CAREER: Mapping deep brain functions with super-resolution photoacoustic imaging
Duke University, Durham NC
Investigators
Abstract
Regulating the oxygen supply is a key task of a normally functioning brain. A mismatch between oxygen supply and demand can lead to serious injury and brain dysfunction, such as in Alzheimer’s disease. This CAREER project aims to develop a new set of imaging technologies and data science tools for mapping the oxygen metabolism in the brain, with high clarity and accuracy. The results of this project will allow the study of the brain’s functions at the scale of a single capillary. The technology and knowledge generated from this project will result in training materials that can educate the next generation of neural engineers and inspire a diverse array of students in the STEM fields. Much is still unknown about how the brain regulates its hemodynamic functions in various physiological and pathological conditions. One major reason for this knowledge gap is the lack of technologies that can provide noninvasive measurement of the brain’s hemodynamics with high spatial resolutions. This CAREER project aims to develop a super-resolution photoacoustic tomography approach that can image a mouse brain’s hemodynamic functions with consistently high resolution throughout the brain volume.

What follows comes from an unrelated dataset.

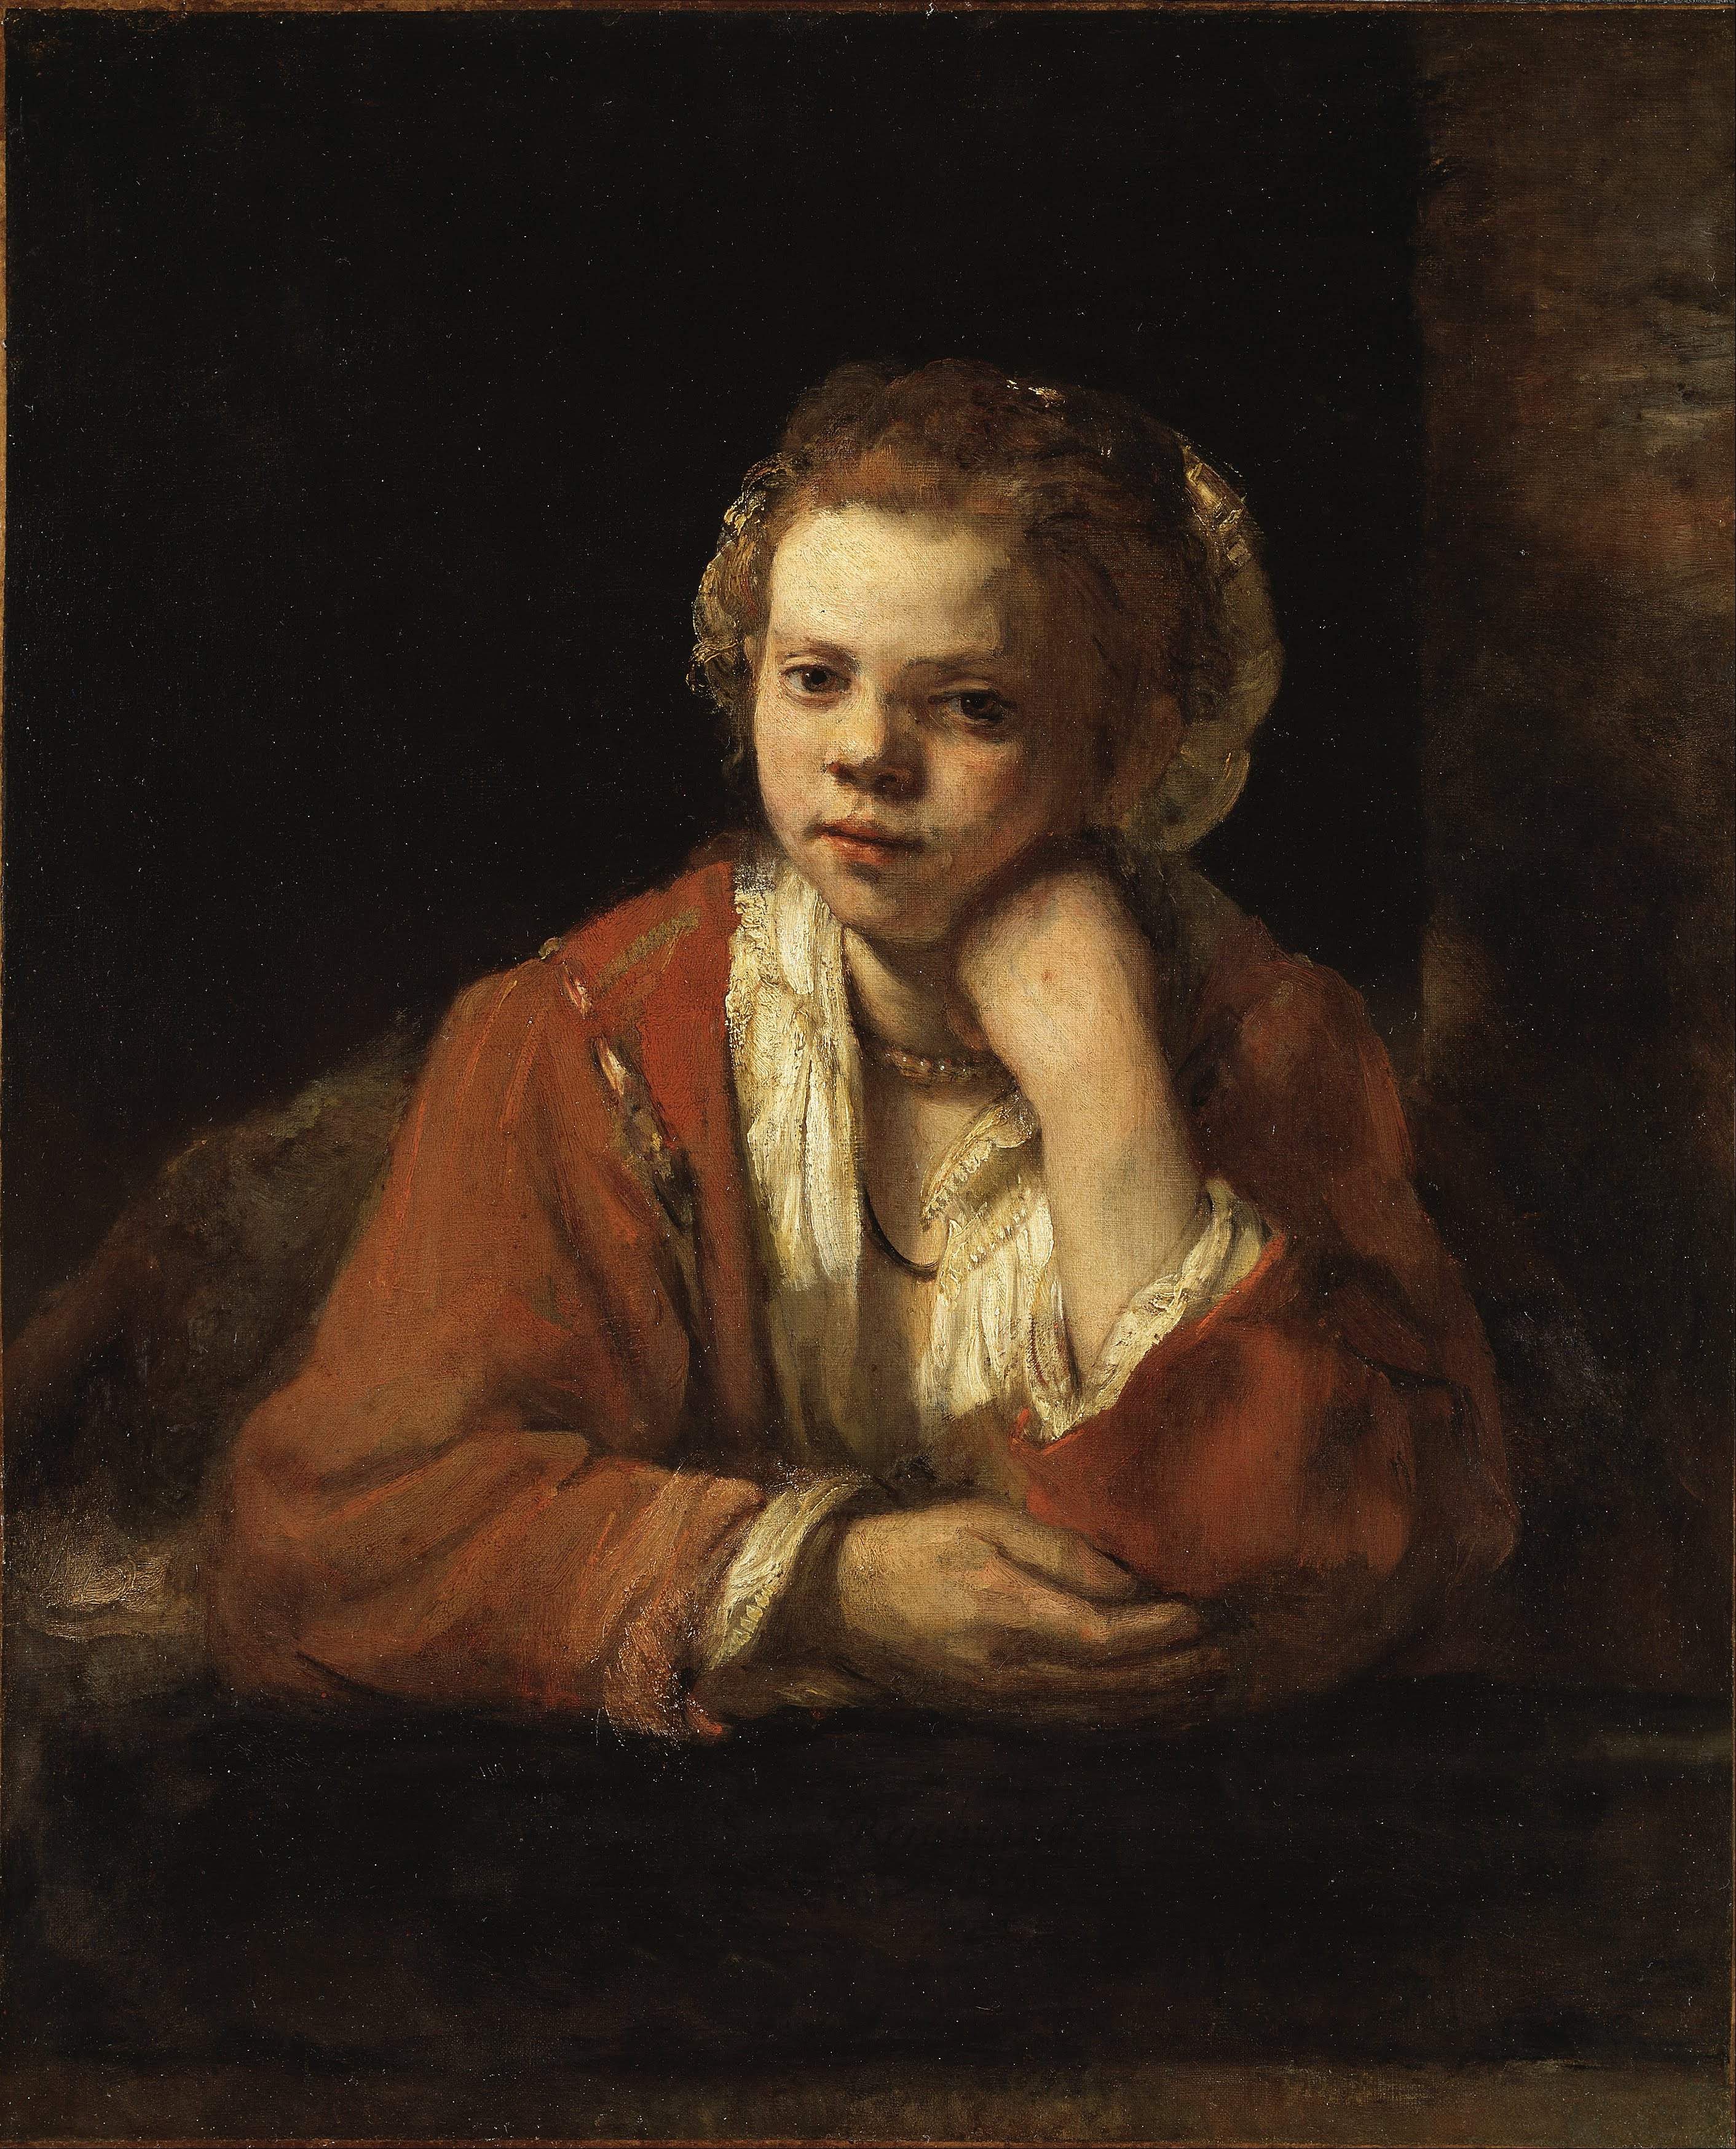 La criada de la cocina by Rembrandt van Rijn - 1651 - 64 x 78 cm Museo Nacional de Estocolmo

The new technology will report the absolute values of the blood oxygenation, flow speed, and oxygen metabolism in deep brain. The outcome of this project will generate the much-needed new knowledge about the brain at fine scales for the broad neuroscience community. This outcome is critical for studying the spatial-temporal heterogeneity of brain functions at different physiological conditions, as well as understanding and treating the impairment of brain functions due to various brain illnesses. This award reflects NSF's statutory mission and has been deemed worthy of support through evaluation using the Foundation's intellectual merit and broader impacts review criteria.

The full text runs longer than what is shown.